Stage Rage is a program where St. Benedict’s Prep students act out their traumatic experiences on stage.
“It really brings you back to what happened,” said Liam Concha, who was in the darkest place imaginable: he tried to take his own life amid turmoil in his home.
This is his second year of Stage Rage, and he’s seen his life improve since being part of the project.
“I feel a lot more relieved, and I feel like I don’t have to carry this burden or deal with what I’m going through alone,” said Concha.
“Courageous, vulnerable, willing, loving,” said Dr. Ivan LaMourt, director of counseling services at St. Benedict’s. “These kids are absolutely incredible in their ability to allow someone to see their pain and to use their pain to help them.”
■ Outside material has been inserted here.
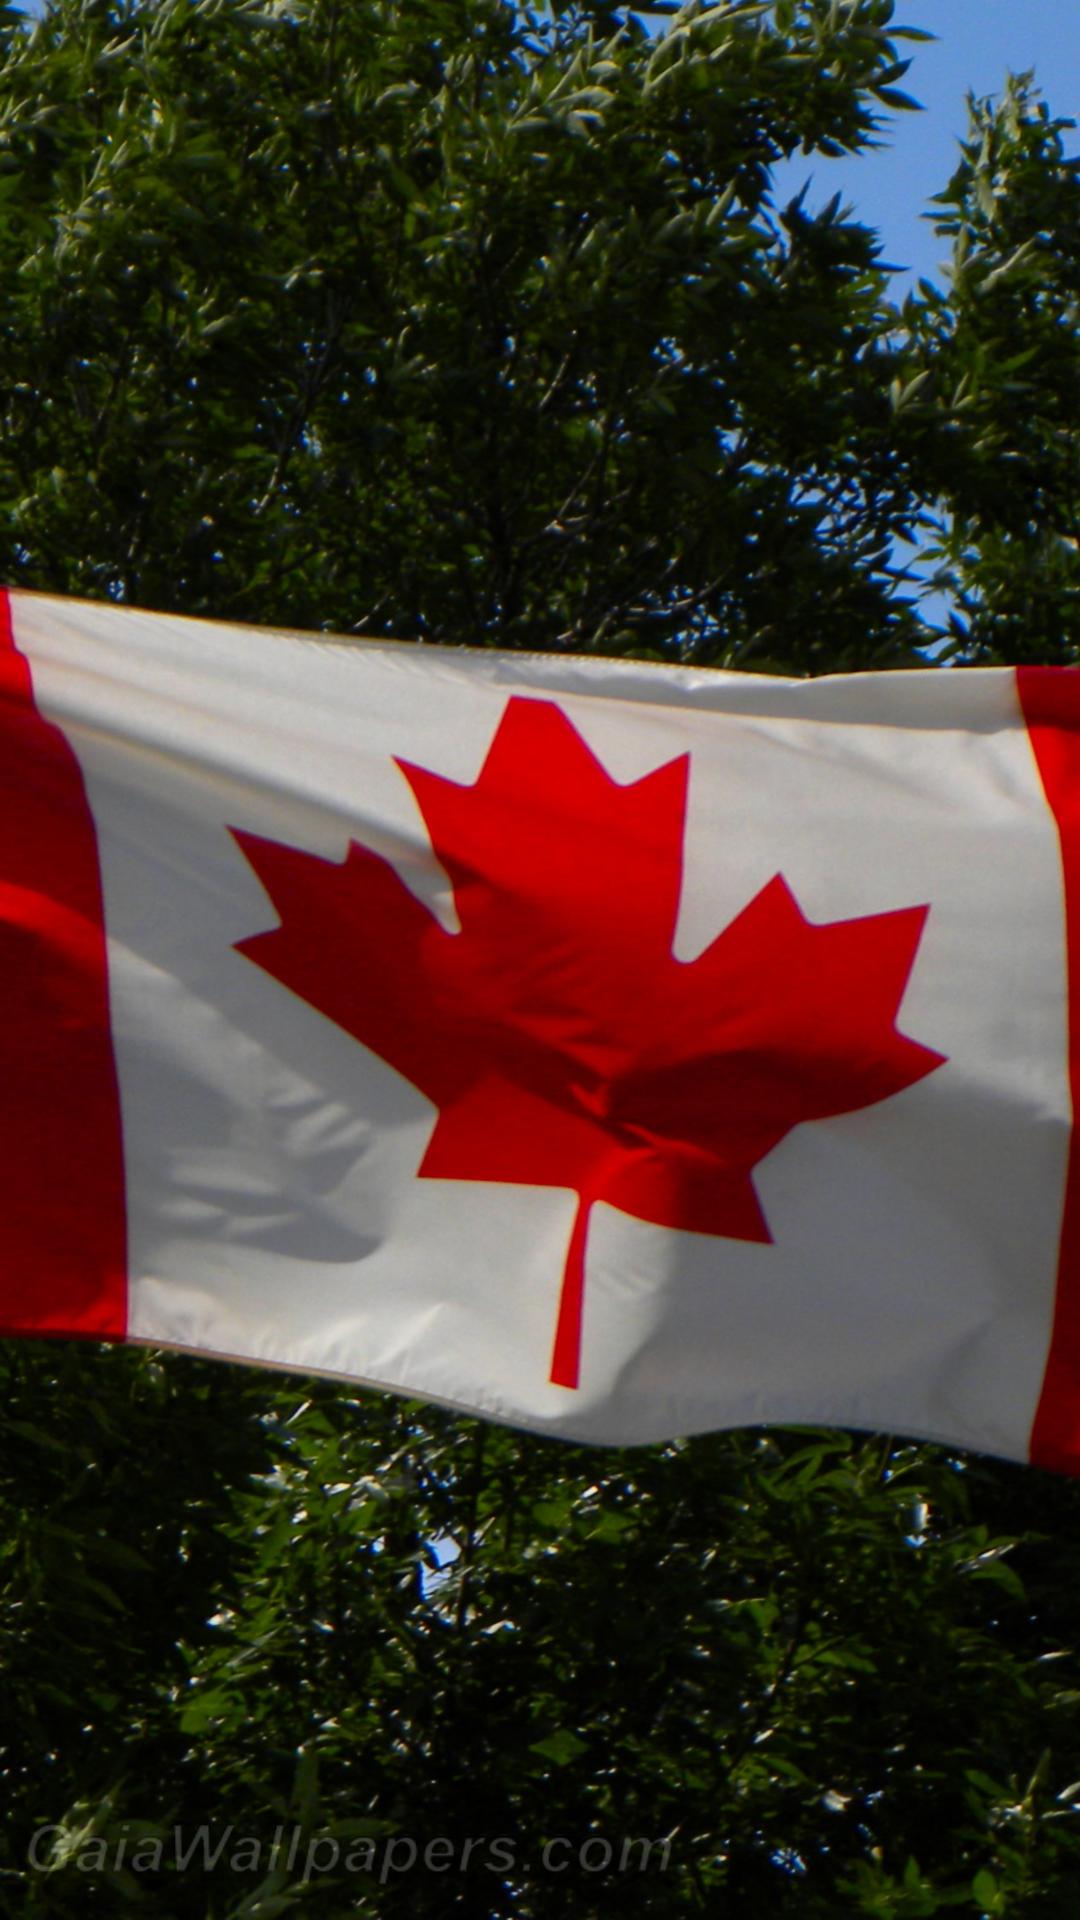 Flag of Canada - Free desktop wallpapers

Stage Rage has been part of the St. Benedict’s community for about eight years, but this is the first time cameras have been allowed inside.
“I think it’s the most important thing I get to do here,” said Patricia Flynn, the school’s theatre director.
“I don’t know what we would do if we didn’t have it,” said school Headmaster Rev. Edwin Leahy. “We didn’t have it at one point. I remember what that was like; I don’t want to go back to that.”
“At first, I didn’t want to do it, I was scared to,” said Pedro Cena, a senior bound for Boston College in the fall.
“I feel like [the audience] are going to laugh or talk, or they won’t care,” said Cena, “but I was proven wrong. I saw a few sad faces; I saw a few crying. I didn’t think people would care.”
But people do care, and if you’re struggling with trauma, you don’t need to put on an act. Instead, Cena said you can talk to someone.
“There’s always going to be people backing you up,” said Cena. “The way you are – the place you are in now, you can change that. You decide your own future.”